Restate the data word for word and leave the images out.

Information provided:
• • • • •

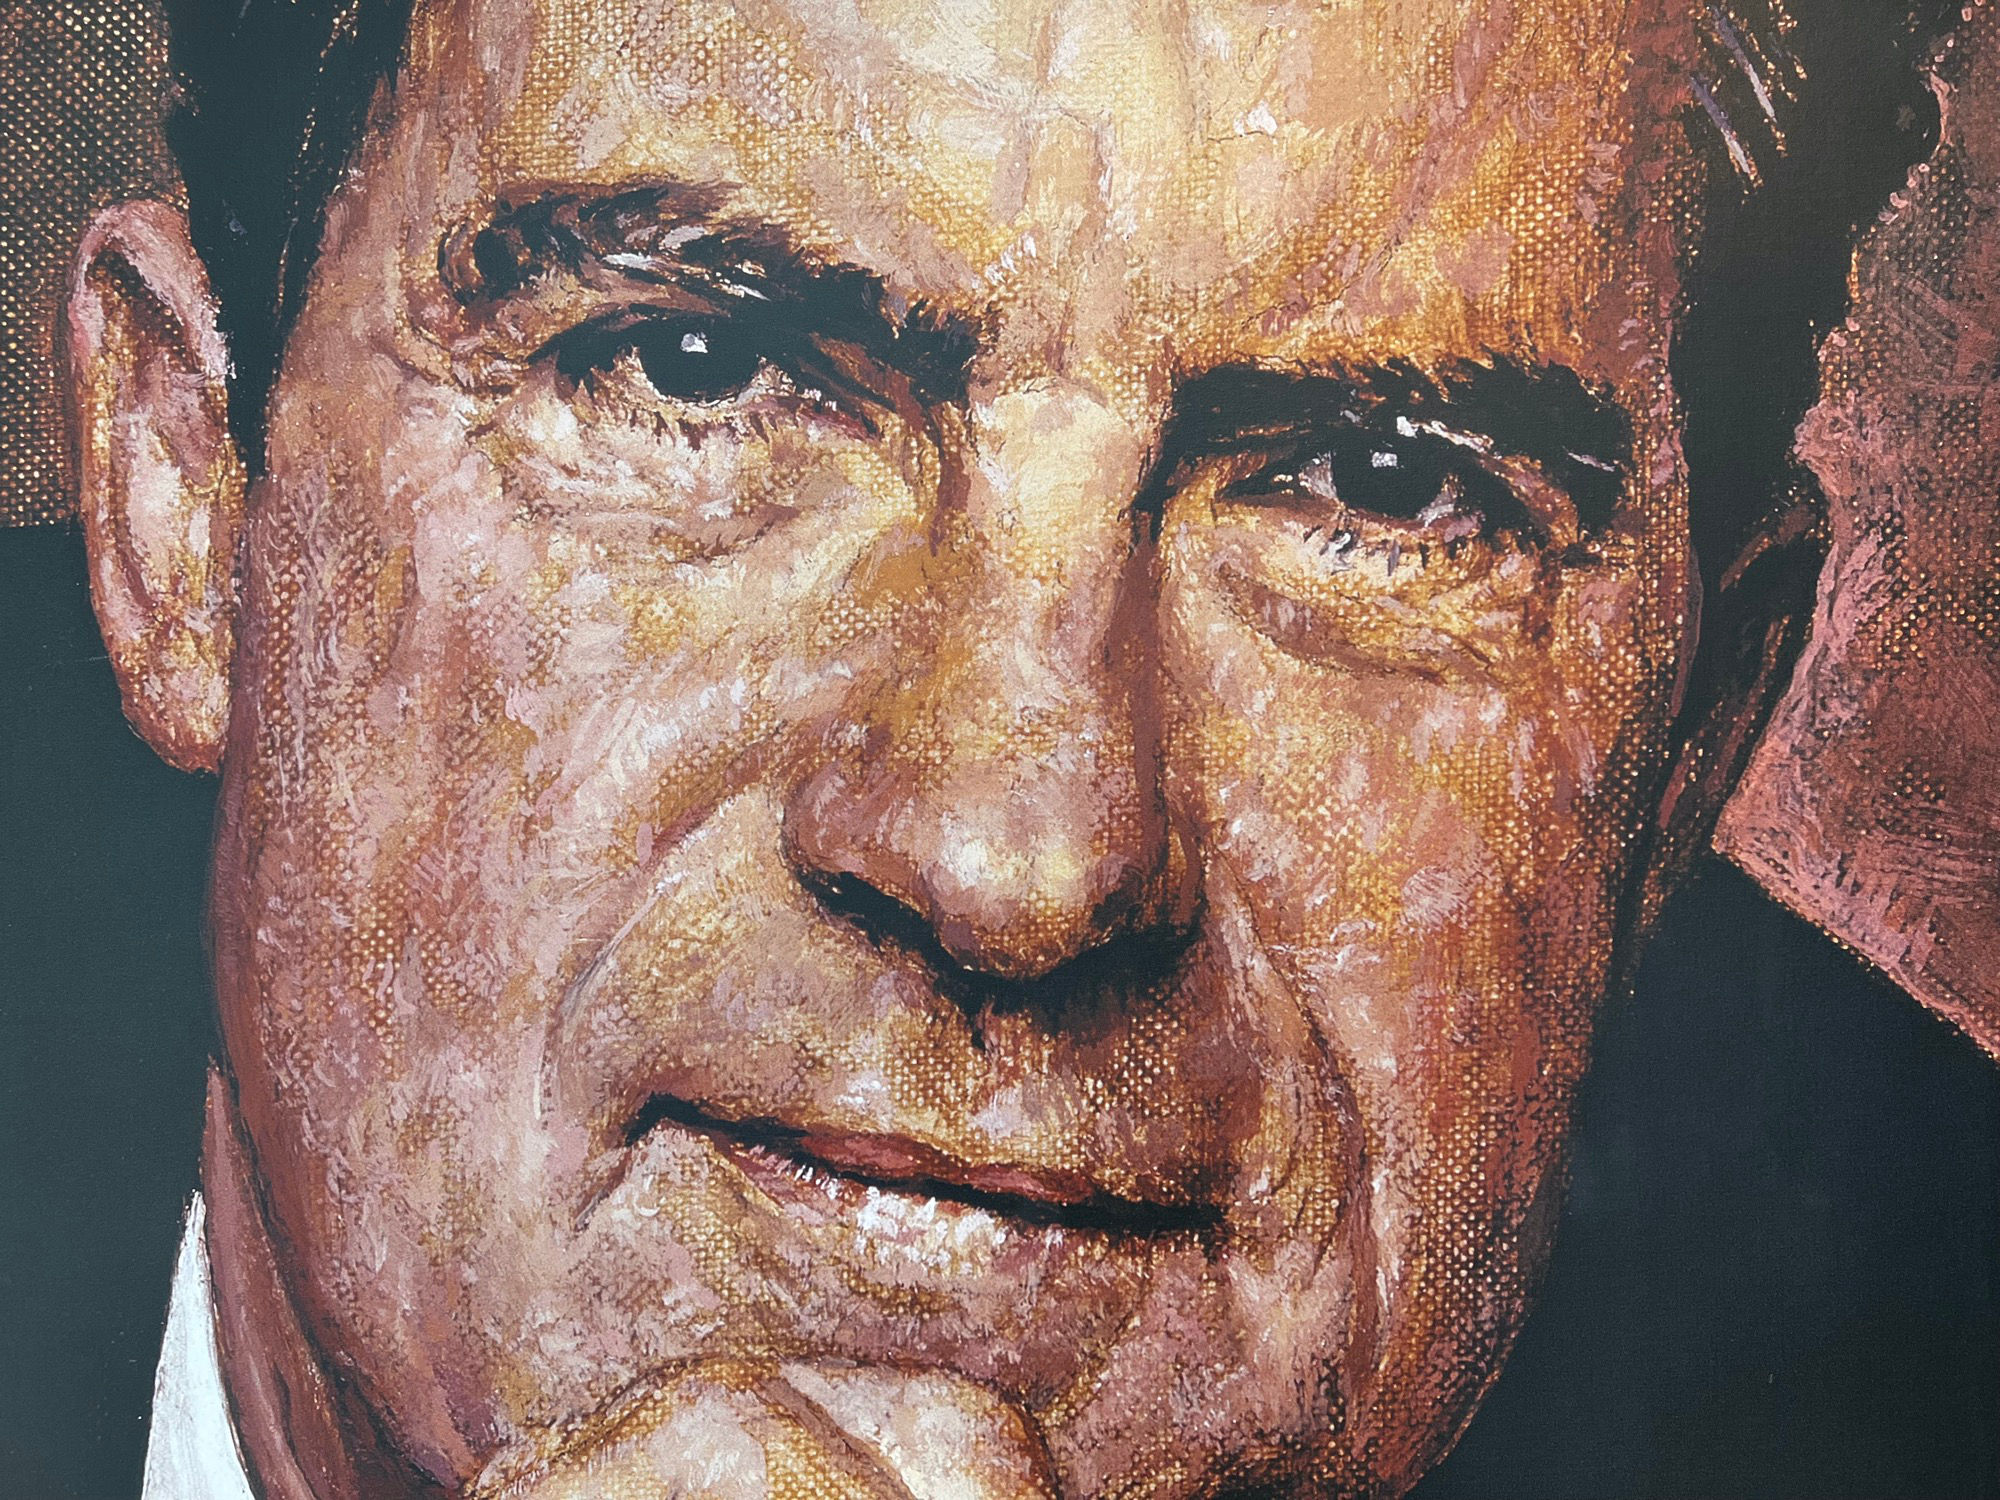 Nixon Library Mural
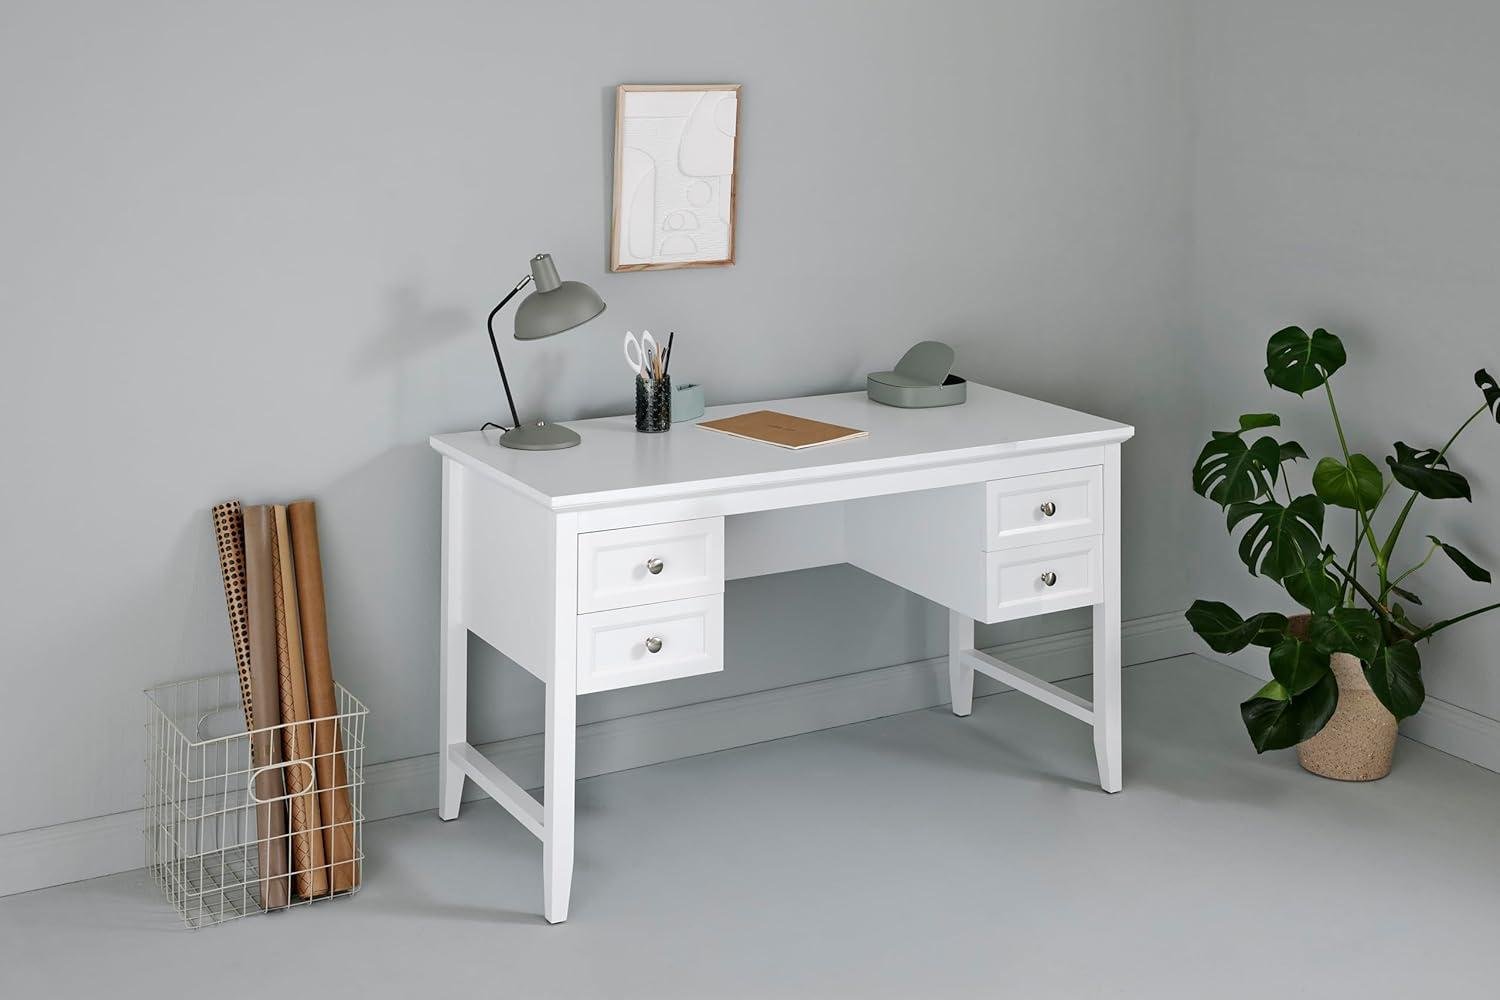 Jahnke Classic D 130 Weiss Schreibtisch, Engineered Wood, White, One Size Bild 1
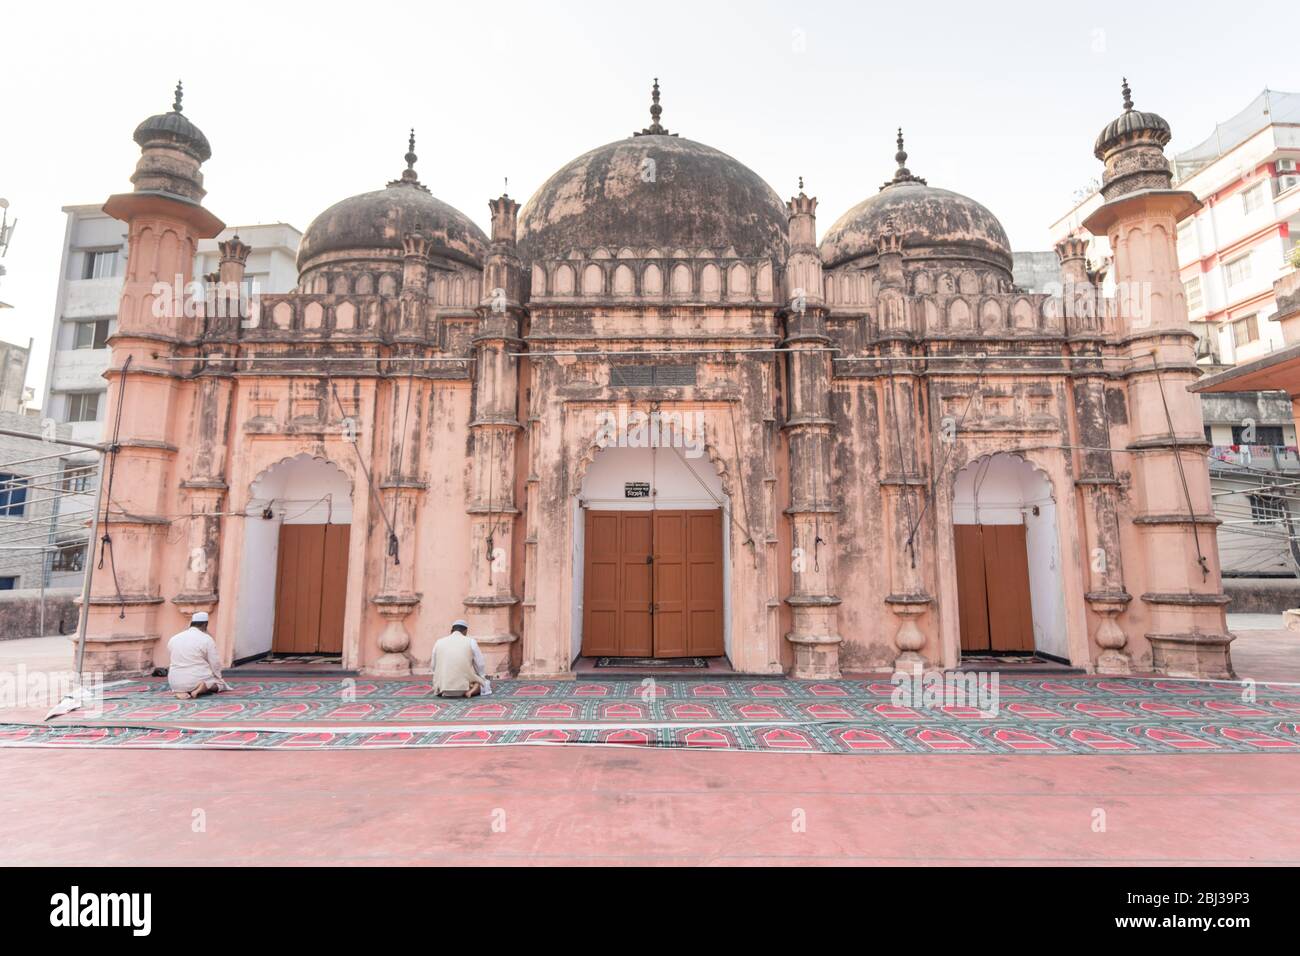 Dhaka / Bangladesh - 14 gennaio 2019: Vecchia moschea tradizionale di stile Mughal nel cuore della vecchia Dhaka Foto Stock

• • • • •

Written answer:
 Nixon Library Mural
 Jahnke Classic D 130 Weiss Schreibtisch, Engineered Wood, White, One Size Bild 1
 Dhaka / Bangladesh - 14 gennaio 2019: Vecchia moschea tradizionale di stile Mughal nel cuore della vecchia Dhaka Foto Stock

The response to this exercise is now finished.